Lydia, for her part, turned her head with a gaze which appeared regal but was in fact an ingrained battle not to squint at a world which was nothing to her but blobs of dazzling color in the brittle bright Peking sunlight. The sewagy pong of the canal water mixed with flurries of charcoal smoke from the dumpling man’s cart, then sharp sweetness as they passed the vendor of sugared bean-cakes. She was longing to put on her spectacles, Asher knew, with a head-shake of regret. There were times when he wanted to go back and thrash the stepmother and aunts who’d told her she was ugly.

‘The Chinese say that when people first arrive in Peking they weep with disappointment,’ he remarked, ‘and when they leave, they weep with regret.’

She smiled. ‘Did you?’ She had, Asher knew, been disconcerted at her first glimpse of it, from the windows of the train from Tientsin yesterday afternoon: stagnant pools around scattered congeries of pigsties, chicken runs, and clumps of low-built houses in the Chinese City. Even here within the towering walls of the Tatar City, and of the walled Legation Quarter tucked away in one corner of it, the impression was of dirt and desolation, gray walls, blind alleyways, and grinding poverty.
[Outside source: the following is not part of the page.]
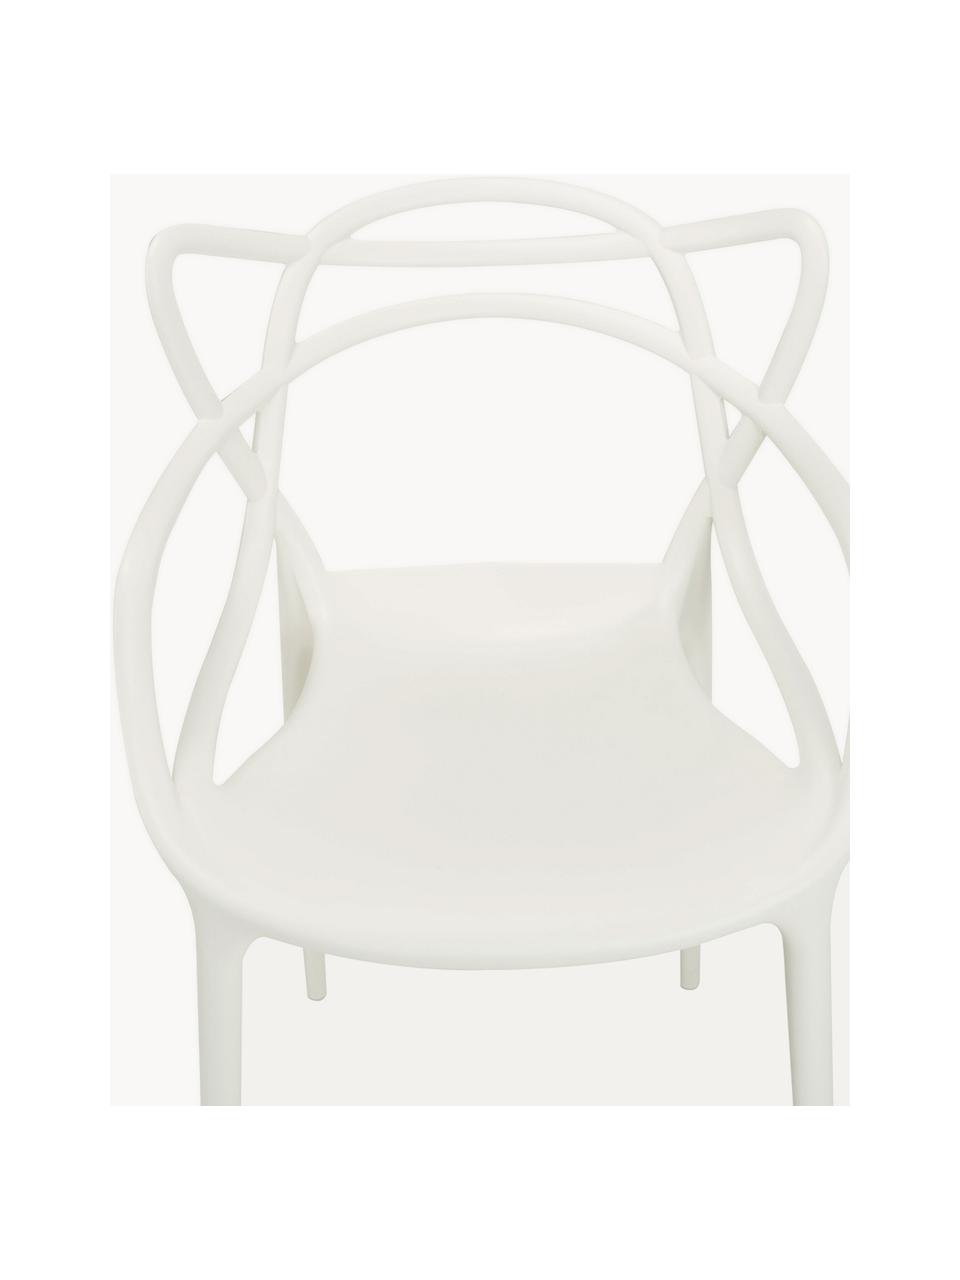 Krzesło z podłokietnikami Masters, 2 szt., Tworzywo sztuczne, Biały, S 57 x G 47 cm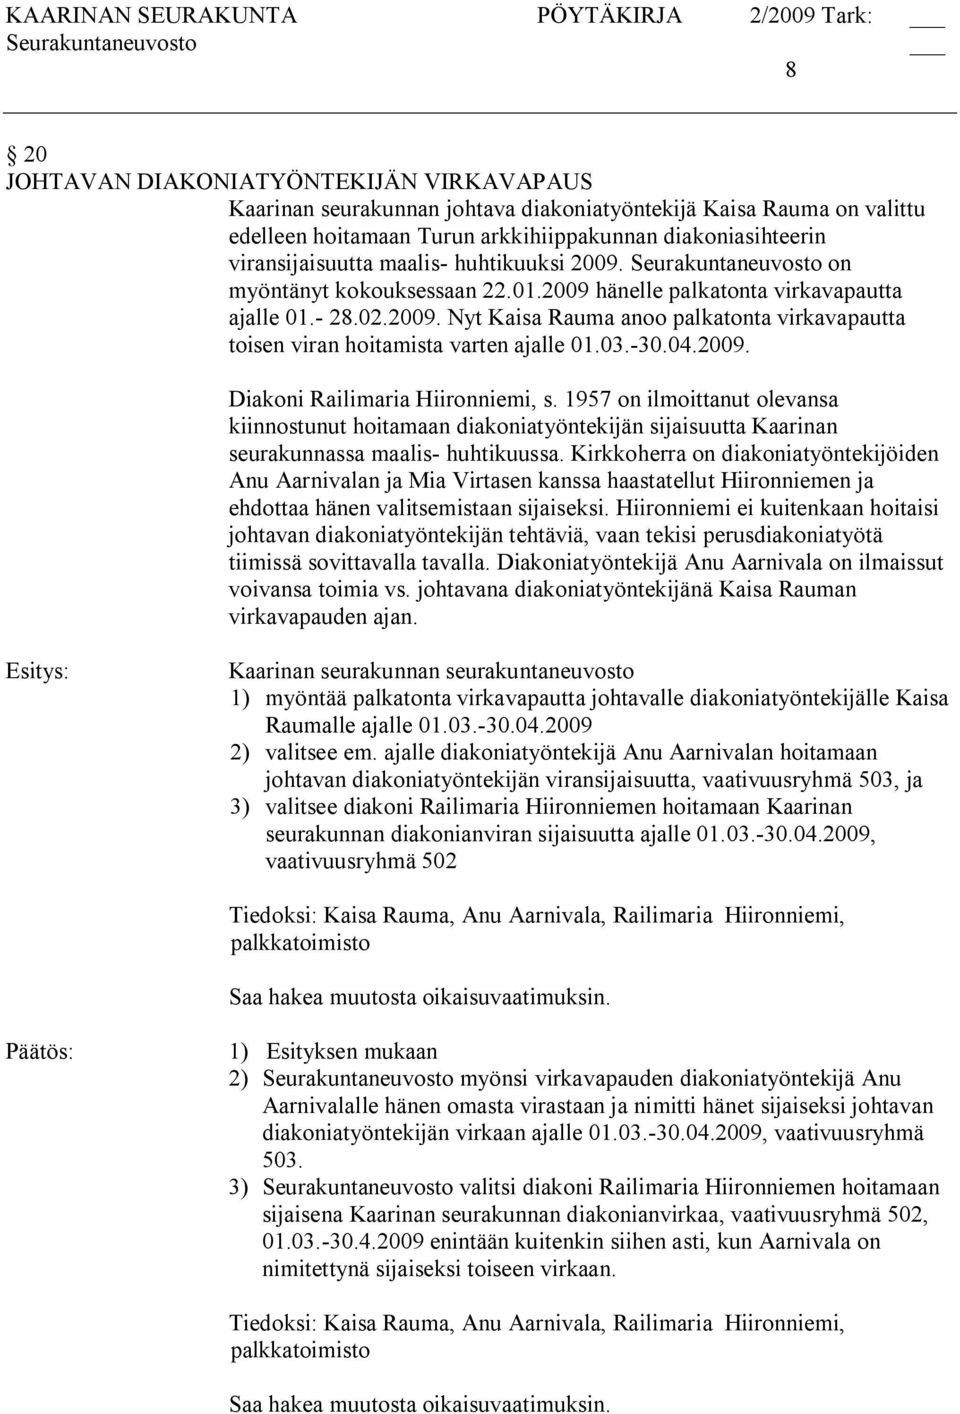 03. 30.04.2009. Diakoni Railimaria Hiironniemi, s. 1957 on ilmoittanut olevansa kiinnostunut hoitamaan diakoniatyöntekijän sijaisuutta Kaarinan seurakunnassa maalis huhtikuussa.

‘I was hidden in a corner of a boxcar filled with raw cowhides,’ returned Asher, ‘with a price on my head and fifteen German soldiers on my trail. So – no.’

Lydia laughed.

At the rambling old palace where His Majesty’s Ambassador still had his headquarters, Asher sent in his card and gave Sir John Jordan the same story he’d given Hobart the previous evening: that he was here to look into a remarkable piece of ancient folklore which had resurfaced, for purposes of incorporation into a book he was writing on the transmission of rodent motifs in Central European legend. ‘While I’m here,’ he went on, after Sir John had inquired in a friendly manner about the book, ‘might I visit Richard Hobart at the stockade?’

The ambassador paused in the act of signing an order for an armed detail to escort Asher to the hills on the following morning, his eyebrows quirked.

‘I’m a cousin of his mother’s –’ this was another fiction, though Asher had met Julia Hobart on the occasion of her son’s matriculation from Caius College – ‘and I’m a bit concerned that poor Hobart might be . . . Well, that any letter he sends her now might paint a picture affected by his own feelings. As is quite natural.’